Ce risque, Me Dupond-Moretti doit le prendre. Il met en cause les conditions de garde à vue, sent qu'il suscite l'écoute. Il a trouvé un allié de poids en la personne du père de Jacques Viguier, un homme de belle stature au visage buriné, qui vient raconter à la barre la pression qu'il a subie de la part des policiers pour tenter de faire avouer son fils.
Me Szpiner observe les jurés pendant sa déposition. "Ils n'aiment pas la police", souffle-t-il. MeDupond-Moretti l'a compris aussi, qui est tout à son aise pour dénoncer les insuffisances de l'enquête, le parti pris policier de départ sur la culpabilité de Jacques Viguier et surtout l'attitude des enquêteurs à l'égard de son client et de ses proches. Il brandit le souvenir de l'affaire d'Outreau. "Vous n'avez pas le monopole des droits de l'homme !", s'énerve Me Szpiner. "On sait que vous auriez voulu être garde des sceaux ! Consolez-vous donc en jouant à l'avocat général !", réplique Me Dupond-Moretti.
Quelques minutes plus tard, lors d'une suspension, les deux avocats se rejoignent devant la machine à café. "Je te promets que si un jour je deviens garde des sceaux, le premier que je décore, c'est toi", lance Me Szpiner. "Je n'en veux pas, de tes décorations !", réplique MeDupond-Moretti. Du doigt, il pointe les rubans rouge et bleu cousus sur la robe de son confrère."Les décorations, c'est comme les bombes, ça tombe toujours sur ceux qui ne les méritent pas", s'esclaffe-t-il. L'audience reprend. Les deux hommes retrouvent le vouvoiement.
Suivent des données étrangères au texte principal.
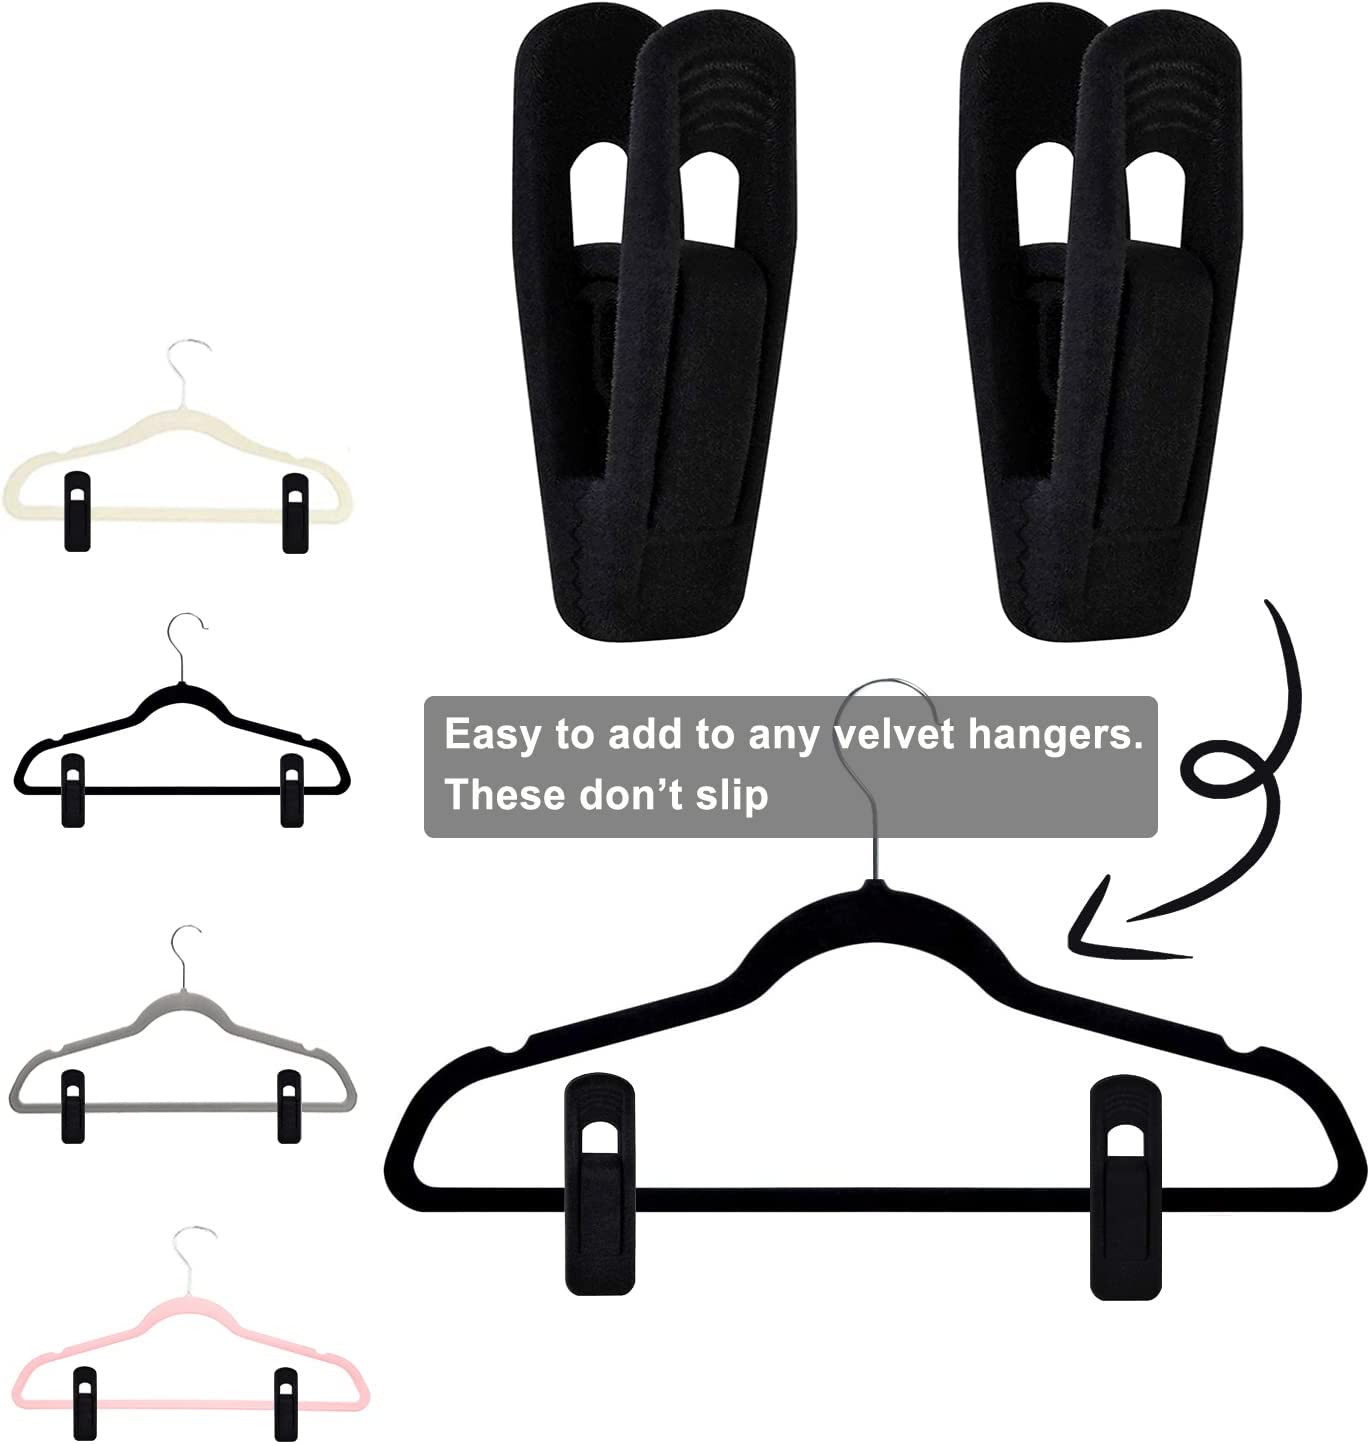 TOFIIGREM Black Velvet Hanger Clips (60-Pack), Non-Slip Strong Velvet Hangers Clips for Velvet Hangers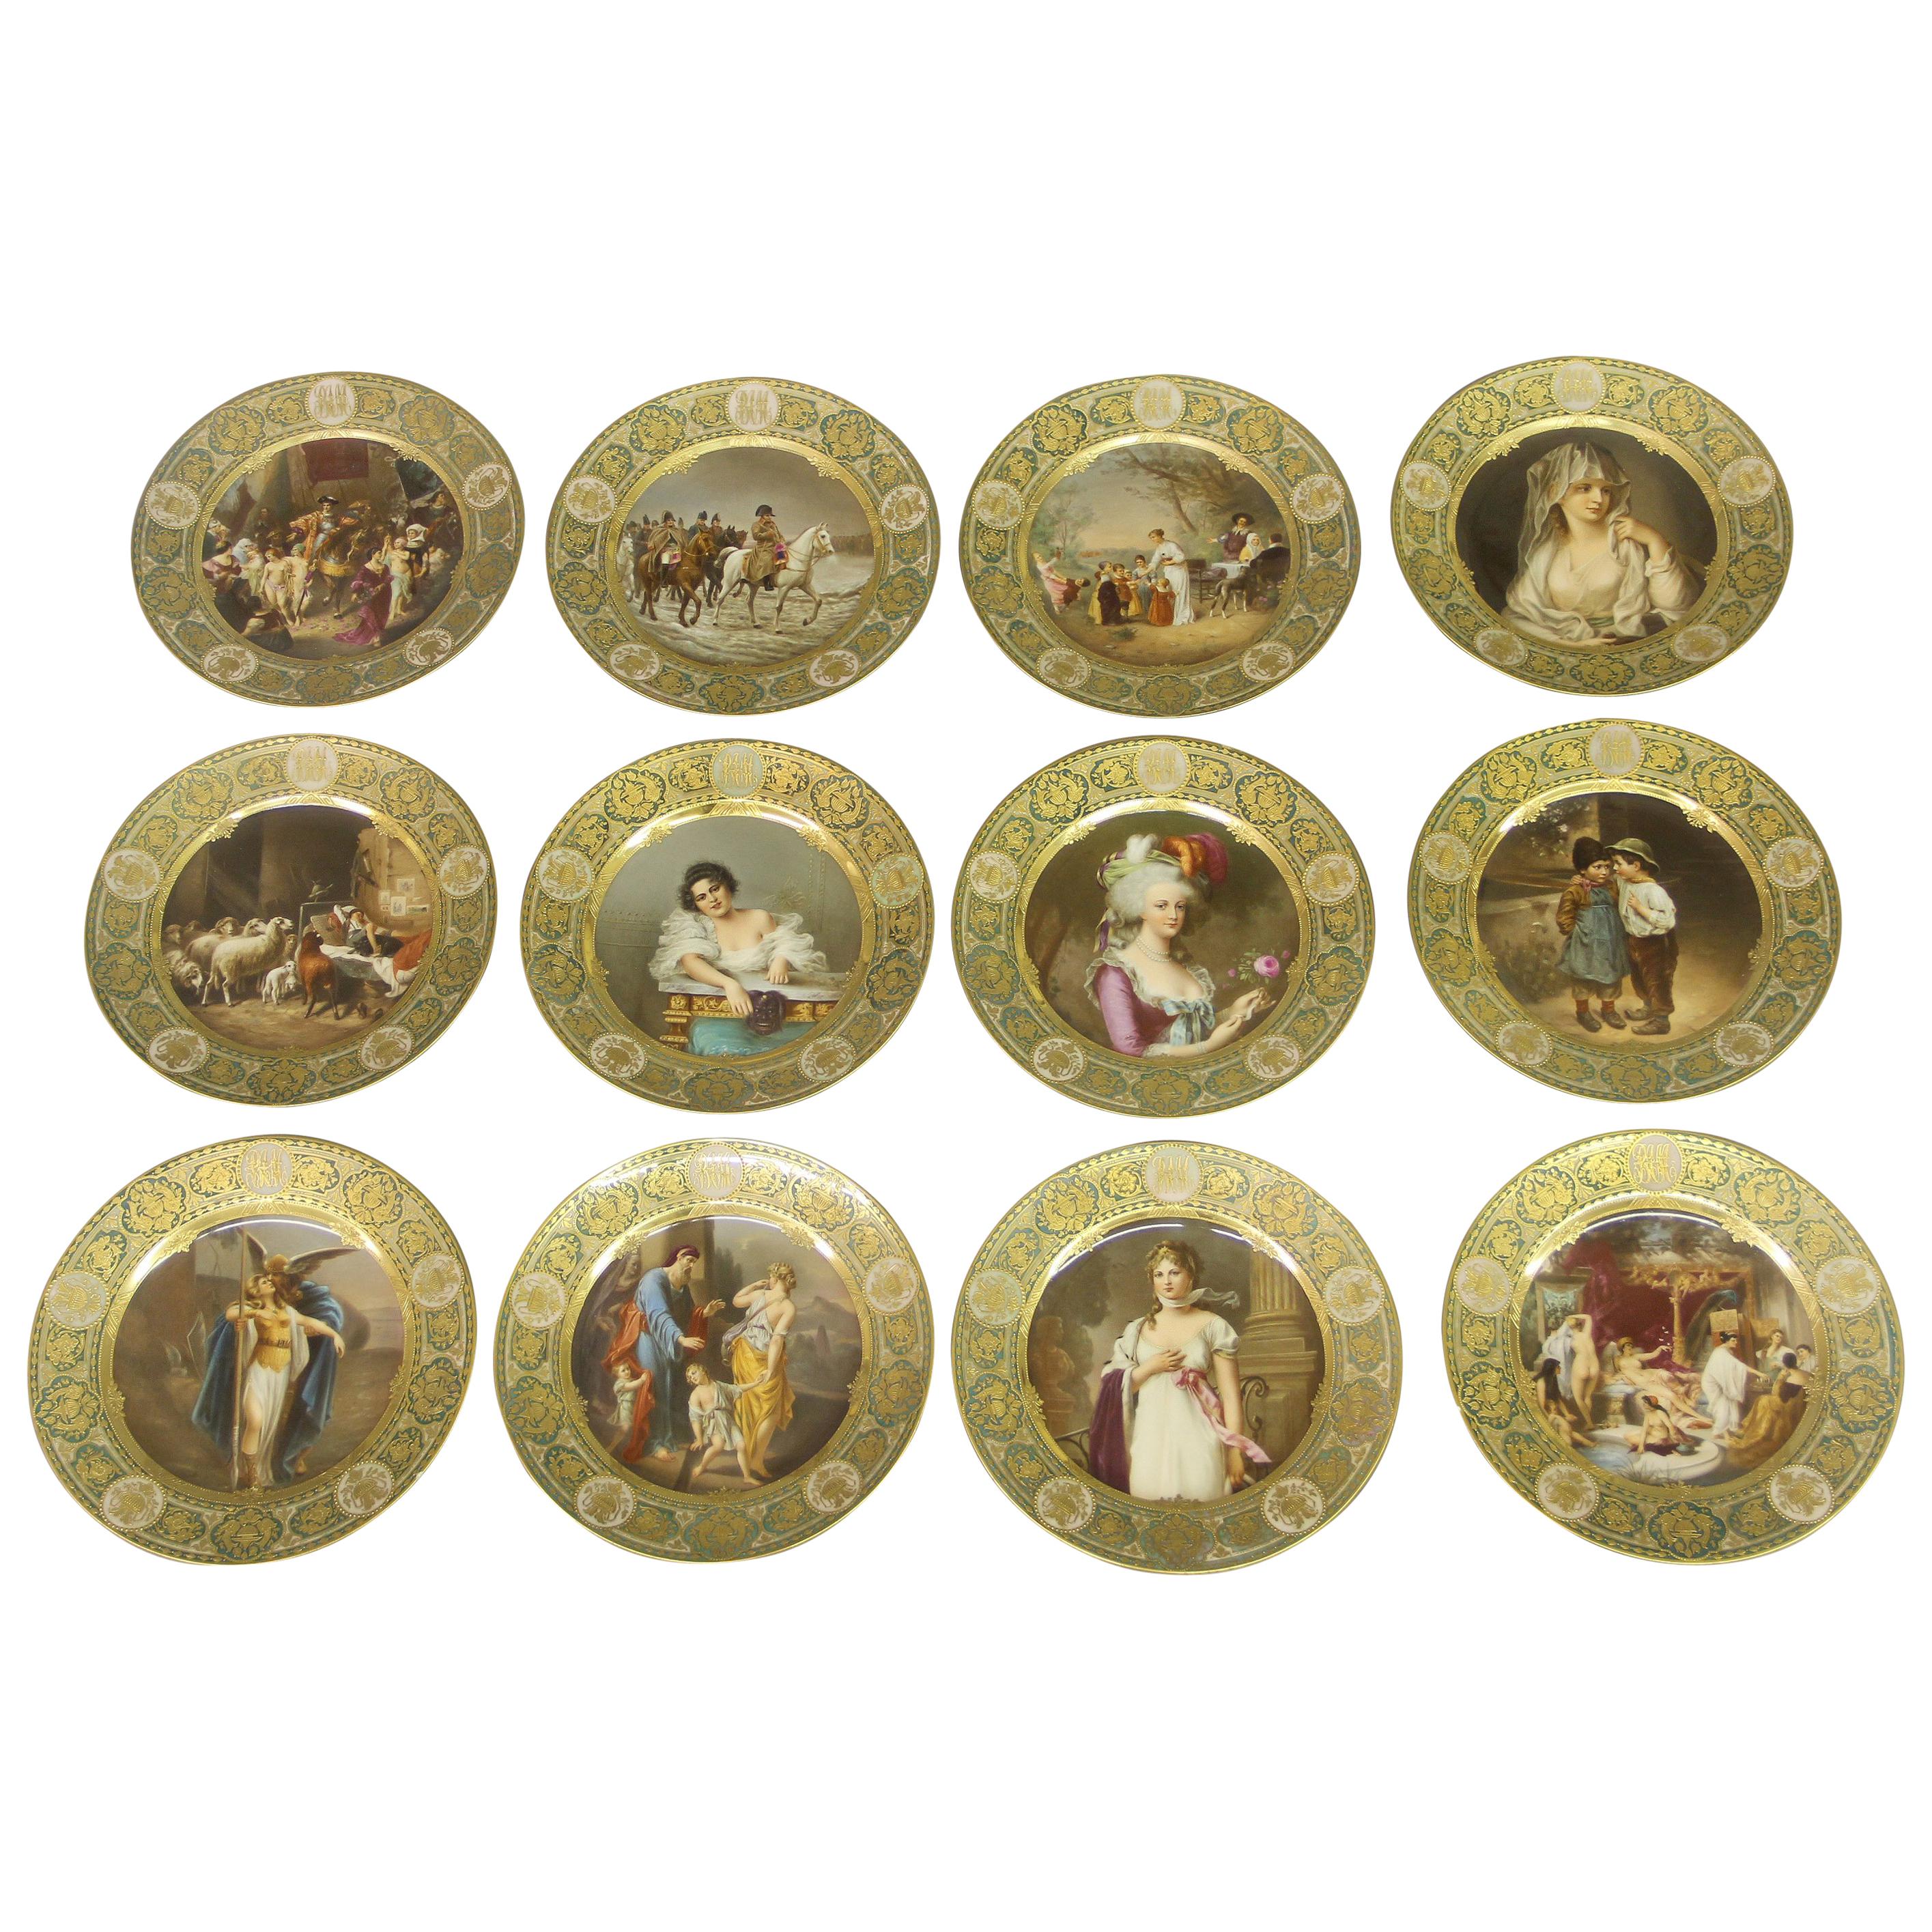 Rare service de douze assiettes de collection en porcelaine allemande de Dresde de la fin du 19e siècle

Trois semaines d'affrontements dans le prétoire ont forcé le respect mutuel de ces deux maîtres de l'audience. A la fin de chaque journée, ils échangent, comptent leurs points, guettent l'approbation ou le regard critique de l'autre. Ils sont leurs meilleurs juges. Ils ont encore chacun une dernière partie à jouer, les plaidoiries. Mais en vrais pénalistes, ils savent que l'essentiel s'est joué dans les débats. Ils sont ensemble pendant les longues, très longues heures du délibéré. Encore à égalité. Mais quand la cour prononce l'acquittement de Jacques Viguier, les applaudissements ne s'adressent qu'à un seul.